Проснулся, вздрогнув. Открыл глаза. Мрачно выглядят бойницы на окнах. Саня читает растрёпанную книгу. Пацаны мерно дышат. Как в интернате… Только там потолок пересекали отсветы фар проезжающих по дороге машин, а здесь – тихая, сладкая на вкус от мужского пота и чуть скисшего запаха отсыревших берцев полутемь. И потрескивание рации…
Поднялся утром в нервозном состоянии. Чувствую, что мне страшно.
По школе всю ночь постреливали, то с одной стороны, то с другой. Наши посты молчат, затаясь, вроде как мы мирные люди.
А я боюсь…
Холодные ладони, и маета, и много без вкуса выкуренных сигарет, и нелепые раздумья, которые неотвязно крутятся в голове.
Так хочется жить. Почему так хочется жить? Почему так же не хочется жить в обычные дни, в мирные? Потому что никто не ограничивает во времени? Живи – не хочу…
Вопросы простые, ответы простые, чувства простые до тошноты. Люди так давно ходят по земле, вряд ли они способны испытать что-то новое. Даже конец света ничего нового не даст…

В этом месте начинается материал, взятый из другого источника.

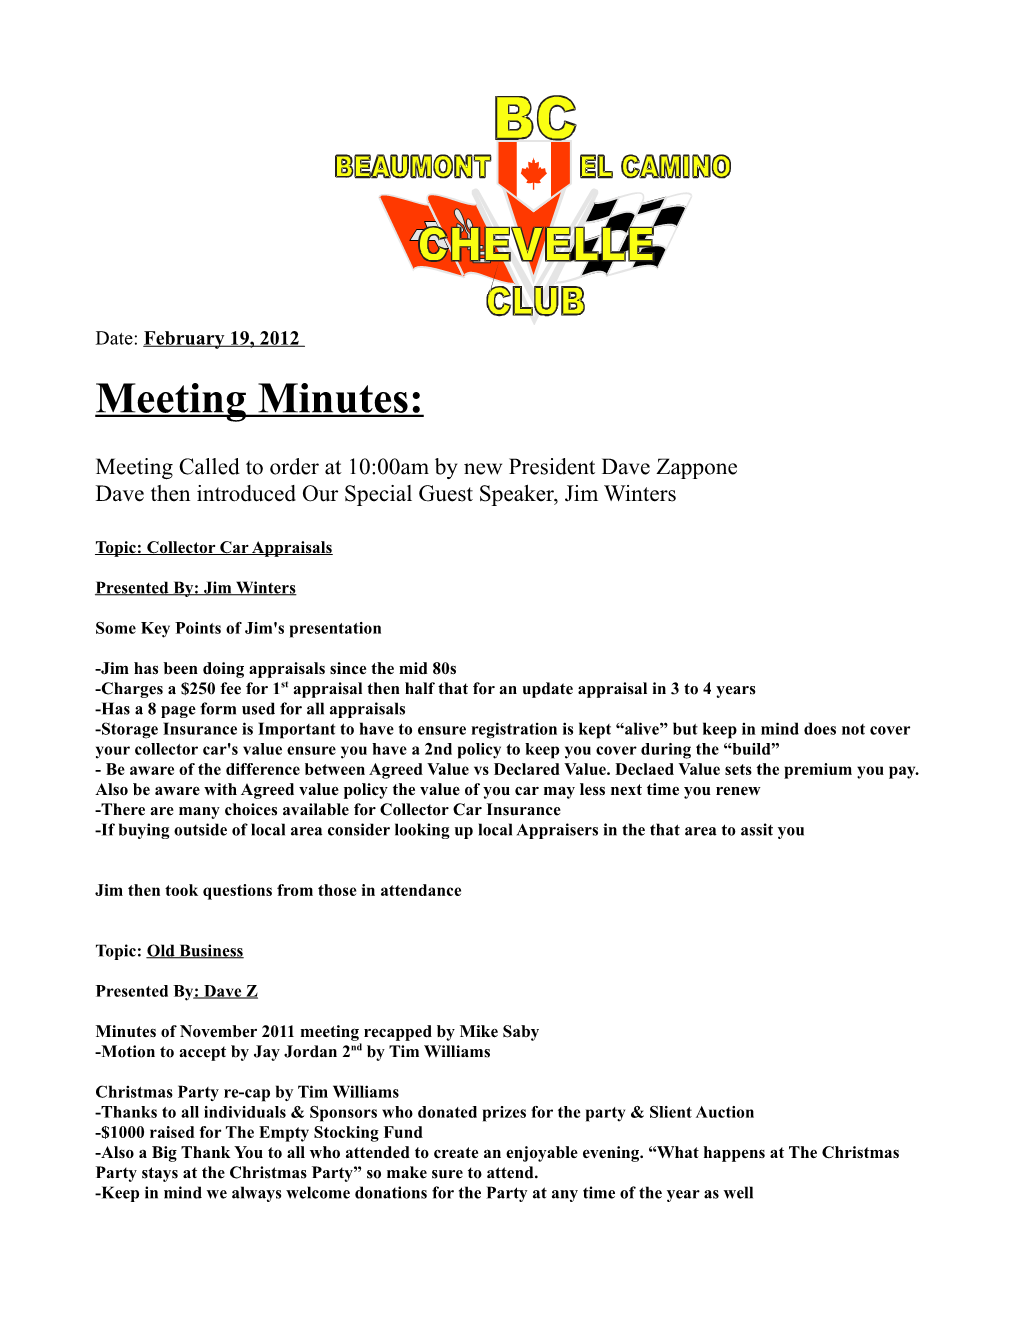 Meeting Called to Order at 10:00Am by New President Dave Zappone

Амалиев подрядился отрядным писарем, я смотрю ему через плечо, как он заполняет какую-то ведомость, аккуратно вписывая наши фамилии, и, сам от себя неприязненно содрогаясь, прикидываю: “Допустим, убьют каждого третьего, – и прыгаю глазами по списку бойцов: Амалиев, Астахов, Жариков… – Блин, Гришу убьют! – на секунду огорчаюсь и спешу дальше. – Раз, два, три… И Женю Кизякова убьют!..Раз, два три… Скворцов, Суханов… Ташевский. Я – третий”, – заключаю про себя таким тоном, каким мой врач сообщил бы мне, что у меня рак мозга. “Ладно, ерунда…” – отмахиваюсь сам от себя. “Чушь какая…” – ещё раз говорю себе, поёживаясь от внутрисердечного ознобчика, и сдерживаю желание дать подзатыльник корпящему над листком Амалиеву. У него светло-коричневый затылок в складочку и густые чёрные волосы. Он заполняет каждую ведомость по сорок минут, чтобы изобразить свою необыкновенную занятость. В перерывах между писарством он крутится на кухне, ежеминутно выслушивая ругань Плохиша.
Мы вывесили календарь командировки. Честно отсчитали сорок пять дней и внизу нарисовали борт, затем автобус, полный улыбающихся рож в беретках, и, наконец, в правом нижнем углу – окраины Святого Спаса.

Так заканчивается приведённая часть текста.